Her smile was sharp, humorless. “Because civilians don't carry military-grade demolition kits and blow up escape paths with surgical precision.”

He closed one eye and stared at her for a moment. “Touché.” He shifted his weight, trying to ease the pressure on his leg, and nearly went down. Willow moved fast, catching his arm and hauling him toward the hangar. She was stronger than she looked, wiry muscle beneath the sweat-stained shirt.

“Come on, sunshine,” she muttered. “Let's get you patched up before you bleed out on my runway.”

“Sunshine?”

“You were grinning like an idiot when I picked you up. Seemed appropriate.”

Despite everything, the pain, the blood loss, the fact that he was stranded in hostile territory with a woman who was clearly lying about her identity, Levi laughed. A real laugh, rough and genuine.

“Fair enough,” he said, letting her half-carry him into the darkness of the hangar. “Fair enough.”

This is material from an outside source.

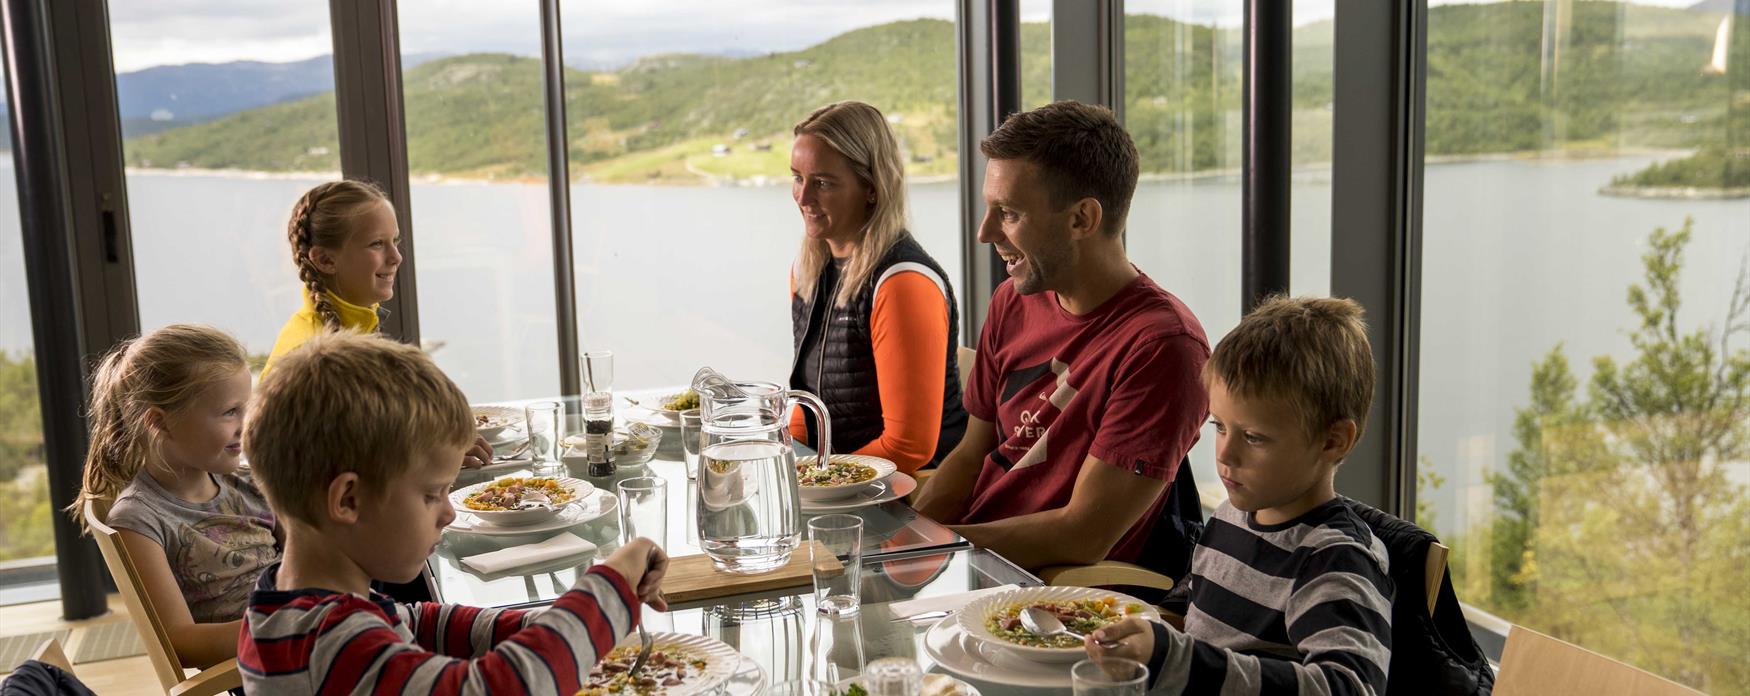 Kafe med utsikt på Hardangervidda Nasjonalparksenter
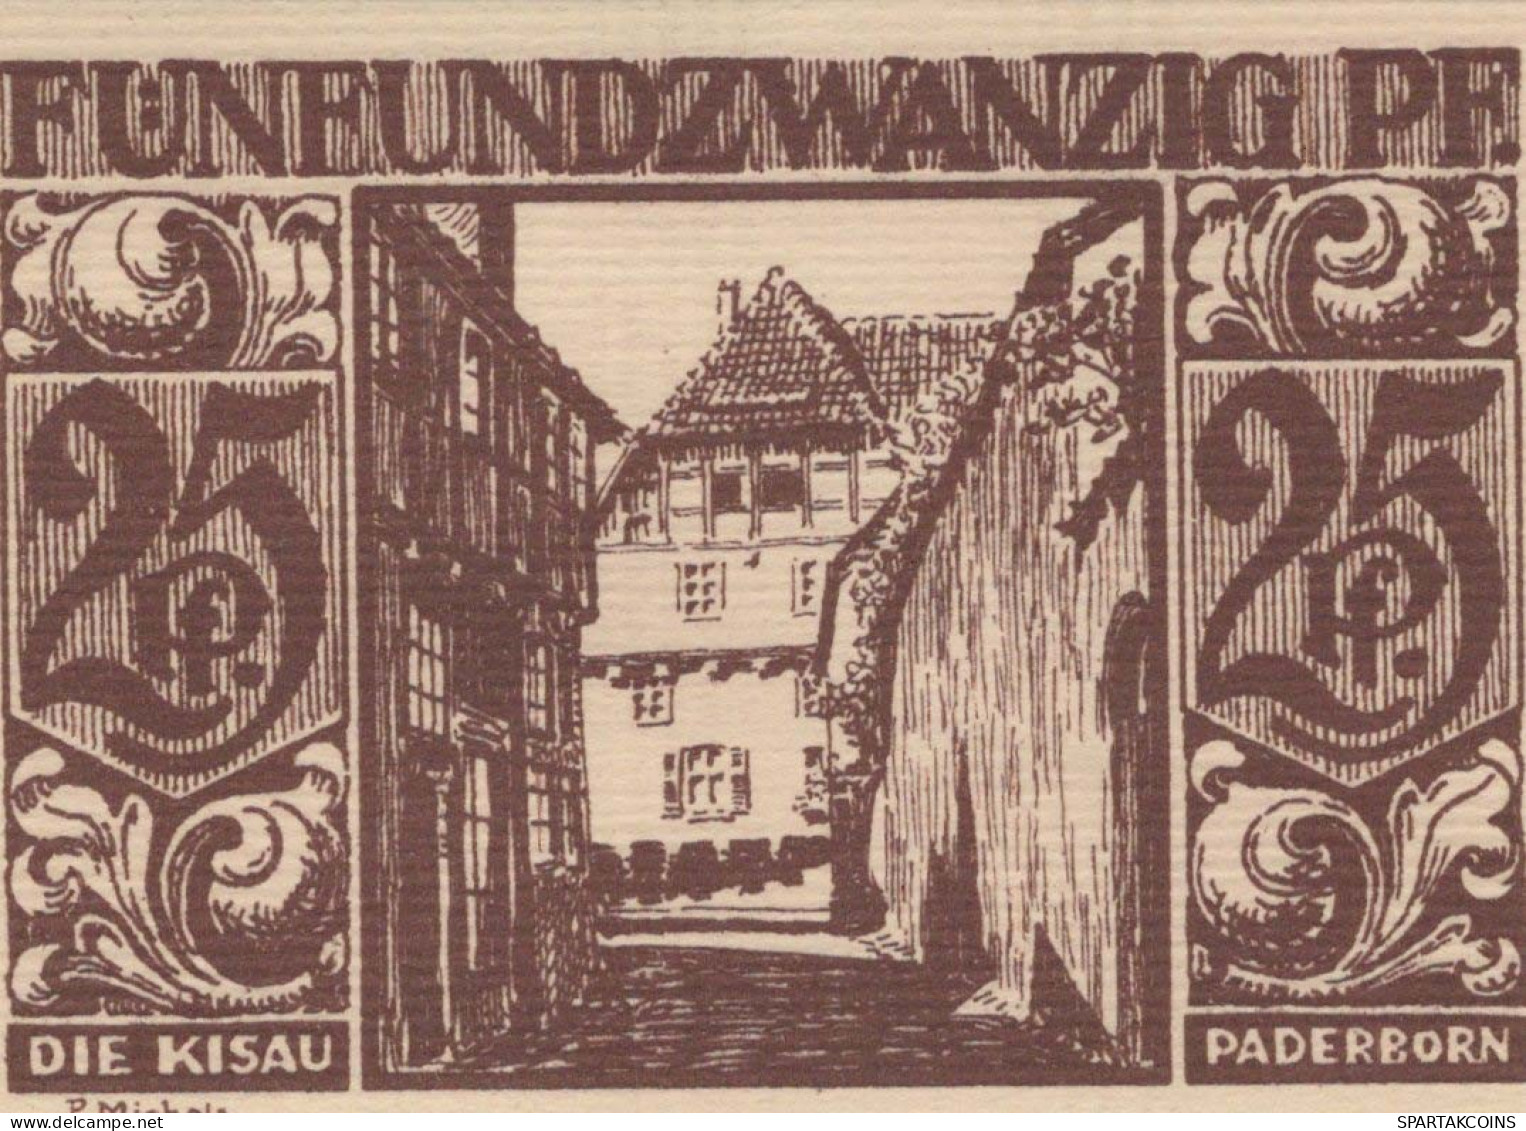 25 PFENNIG 1921 Stadt PADERBORN Westphalia DEUTSCHLAND Notgeld Banknote #PG193 - [11] Local Banknote Issues

The smell hit him as soon as they crossed the threshold. The first thing he smelled was aviation fuel mixed with old oil and something else. Something metallic and sharp. Shit. He stopped and looked at her. “Blood. Old blood.”

And in the shadows at the back of the hangar, he caught movement.

They weren't alone. What the fuck had he done? He’d fucking jumped off the griddle and into the fire.